Some people backup their seed phrase by taking a screenshot of the seed phrase or putting it in a document file on their device. However, we strongly recommend that you avoid doing this – anyone who has physical access to your device can steal the phrase. It also makes it more vulnerable to theft through malware attacks.

A simple way to protect your seed phrase is to write it down on a piece of paper instead of storing it in a digital document on your device. Store this paper in a secret place where it won’t get damaged easily. If needed, put several copies in different hidden locations.

Be Wary Of Phishing 

One of the most common ways to steal crypto assets is phishing. Phishing is when scammers pretend to be trusted contacts or legitimate companies so they can get your private information. One example of phishing is when scammers trick investors into downloading fake applications that secretly collect your keystrokes or data in the background.

Scammers will often advertise fake versions of popular wallets or exchanges such as MetaMask online. While app stores like Google Play offer authentic applications, there have also been numerous reports of fake wallets or apps in the search results. To avoid this, download the app directly from the developer’s official website.

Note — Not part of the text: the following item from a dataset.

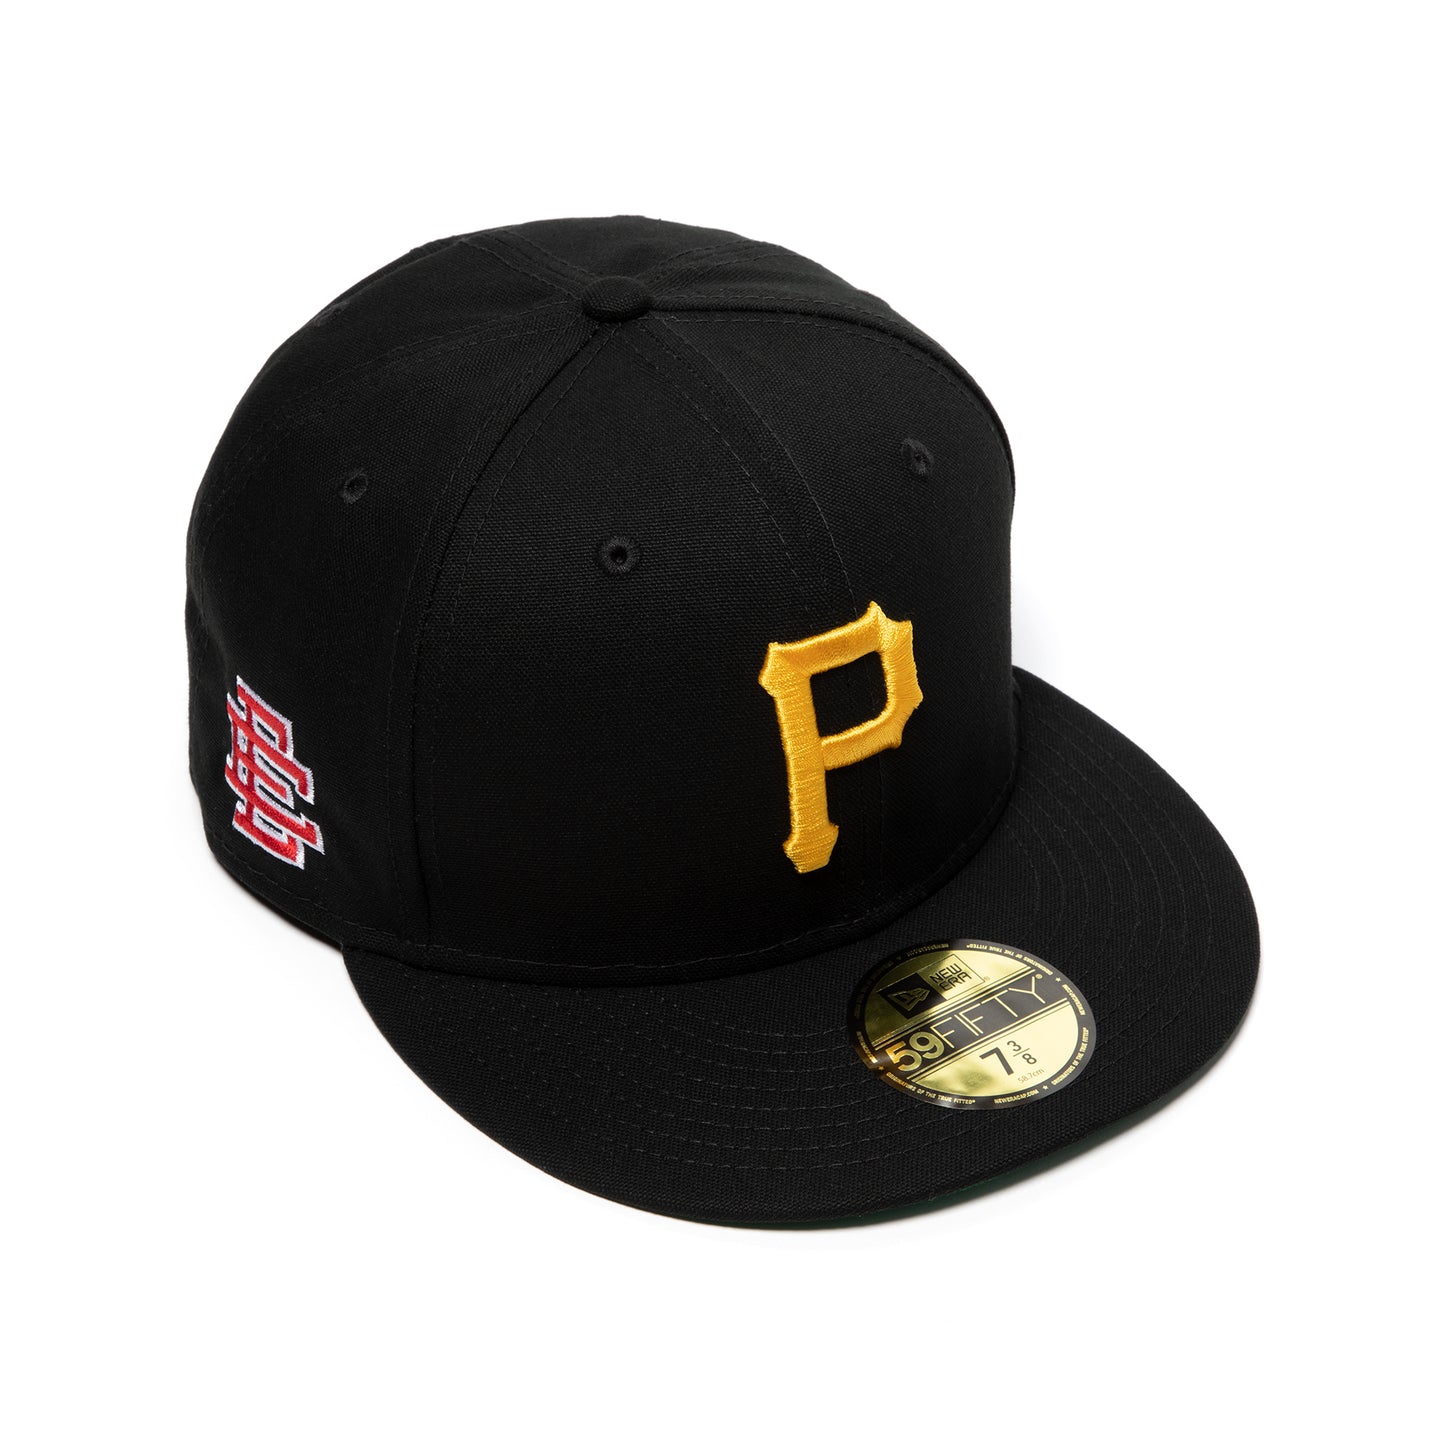 New Era x Eric Emanuel Pittsburgh Pirates Fitted Hat (Black)

Another example is when a seemingly legitimate Google Ad is used to direct people to fake websites. For account recovery or registration, these fake sites will ask victims to enter their seed phrases. As a precaution, don’t enter your seed phrase into pop-ups from unfamiliar websites or ads.

Use An Authenticator App

Some apps or servers will use two-factor authentication (2FA) to protect your information. With 2FA, they can send SMS text messages with codes to your mobile device so you can approve a transaction or withdraw funds.

However, hackers can tap into your phone service or mirror your messages. Then, they can steal these text codes and gain access to your crypto assets. Using an authenticator app like Google Authenticator adds an extra layer of protection to 2FA because a hacker would need physical possession of your mobile device to get the code.

Conclusion

Cryptography protects cryptocurrency exchanges from schemes to steal users’ sensitive information and crypto assets. Public-key cryptography is at the forefront of preventing attacks on cryptosystems, and it’s continuously being developed to help people store, send, and receive data securely.

Because cryptocurrency exchanges have made it possible for us to safely transfer and store money, there will be a greater need for better public-key cryptosystems in the future. With more improvements from developers, hacking and theft of valuable crypto assets will hopefully be prevented.

Frequently Asked Questions About Cryptography

What is public-private key encryption?

In public-private key encryption, a sender uses a public key to encrypt a message. The recipient then uses a private key to decrypt it. This ensures that only the intended recipient will be able to access the message and its contents.
By matching the received and sent messages, public-private key encryption also guarantees data integrity. It ensures that the contents of the message aren’t tampered with while in transit.

What is proof-of-work (PoW)?

Proof-of-work (PoW) is a method for verifying blockchain transactions. In proof-of-work systems, an algorithm provides a mathematical puzzle, which participating computers then race to correctly solve. These computers are known as “miners”, and the puzzle helps verify a group of transactions, also called a “block”.
Once a computer has correctly verified a block, it’s added to the blockchain ledger. The successful miner is then given some cryptocurrency as a reward for the work done.